Kinase and C-domains are the key arrestin-binding elements in ASK1. A, Constructs containing different domains of ASK1: N domain (ASK1-N), N and Kinase domains (ASK1-(N+K)), C domain (ASK1-C), C and kinase domains (ASK1-(C+K)). B and C, COS-7 cells were transfected with HA-tagged ASK1 constructs shown in panel A, together with FLAG-arrestin3 (FLAG-Arr3) (panel B), or HA-ASK1-(C+K) with full-length arrestin3 (Arr3) or its N- (Arr3-N) and C-domain (Arr3-C) (panel C), respectively. Immunoprecipitation and Western blot analysis were performed as described in the legend to Fig. 2A.

FIGURE 7.

ERK-2, MEK-1 and c-Raf-1 interact with both domains of arrestin2 and arrestin3. COS-7 cells were transfected with plasmids encoding FLAG-tagged arrestin2 (A2), arrestin2 N-domain (A2N), arrestin2 C-domain (A2C), arrestin3 (A3), arrestin3 N-domain (A3N), or arrestin3 C-domain (A3C). HA-tagged ERK2, MEK1, and c-Raf1 were co-expressed with indicated FLAG-tagged arrestins. Arrestins were immunoprecipitated with M2 anti-FLAG antibody, and precipitates were probed for ERK2-HA (A), MEK1-HA (B) or c-Raf-1-HA (C). Alternatively, individually expressed kinases were immunoprecipitated with anti-HA antibody, and the precipitates were probed for arrestins using anti-FLAG antibody (A-C). The relative expression of each protein was confirmed by immunoblotting cell lysates (shown in the two lower blots in each panel). Asterisks, nonspecific band (heavy chain of the antibody).

FIGURE 8.

Arrestin3-specific residues on the non-receptor-binding side of the molecule.

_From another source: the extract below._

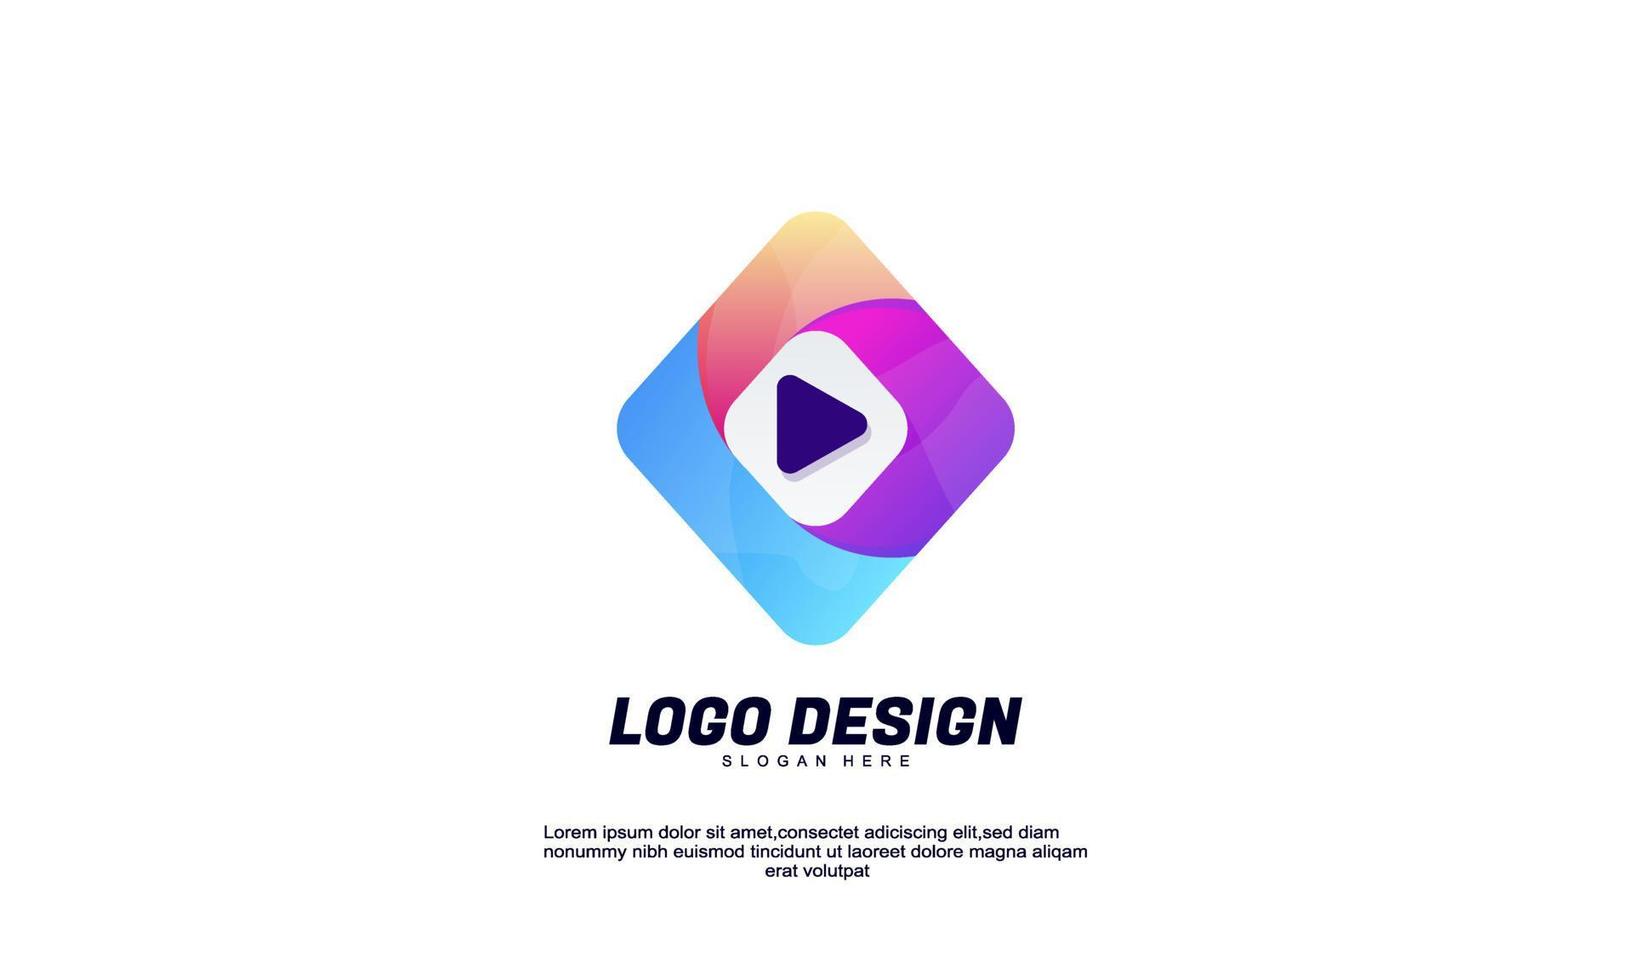 voorraad vector abstract creatief logo idee rechthoek en speel media voor merkidentiteit bedrijf of bedrijf gradiënt kleur ontwerpsjabloon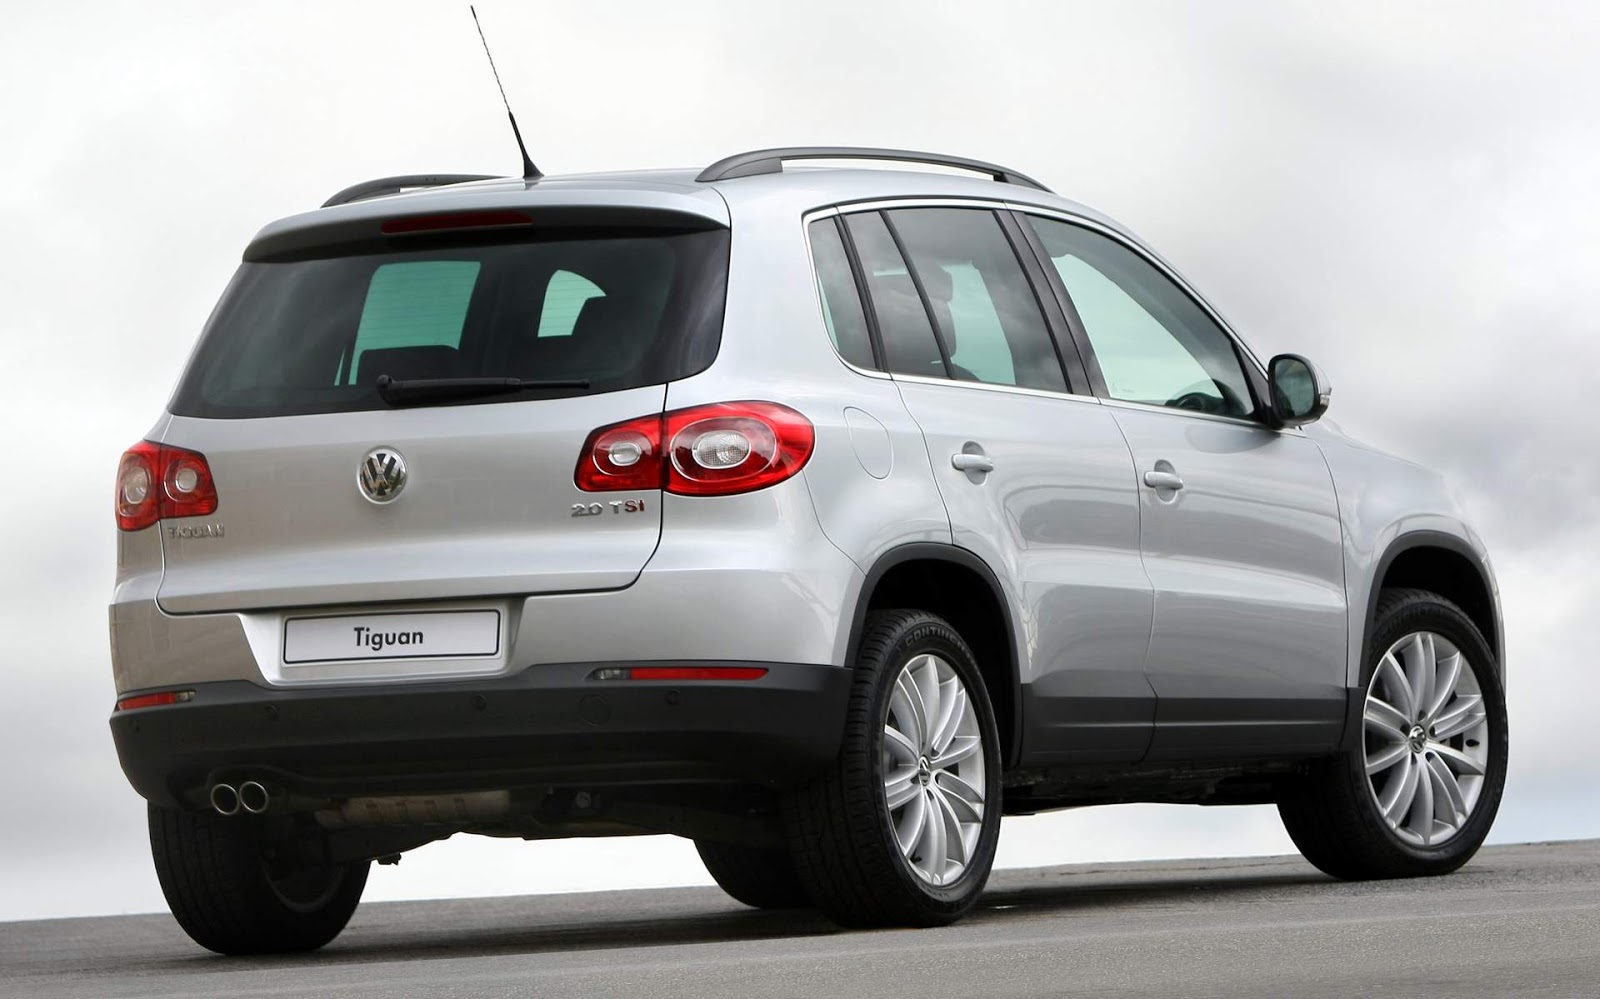 Volkswagen Tiguan 2010 fotos e especificações oficiais

The residues that are specific for arrestin3 (absent in the other three mammalian subtypes) were identified based on sequence alignment in (1). The positions of residues that represent nonconservative and conservative substitutions (as compared with arrestin2) are highlighted in red and green, respectively. Because the structure of arrestin3 was not solved, high-resolution structure of arrestin2 (PDB ID 1G4M) (27) was used to generate this picture. Three views are shown: upper panel, receptor-binding side (view down the concave sides of both domains); middle panel, side view; and lower panel, non-receptor-binding “back” of the arrestin molecule where signaling molecules interacting with the arrestin-receptor complex bind.

FIGURE 9.

Model of the MAPK signaling module organized by arrestin. Front (A) and side (B) views of the three-dimensional model of arrestin complex with the three MAP kinases are shown. Arrestin (green) is shown as an elongated two-domain molecule. All the kinases are shown with thick cylinders representing kinase domain, and thin ones representing N- and C-terminal elements. MAPKKK (pink) is represented as ASK1 dimer in the JNK3 pathway with its C and kinase domain interacting with arrestin, and MAPK (purple) with its N terminus interacting with arrestin. MAPKK (yellow) also interacts with both domains of arrestin.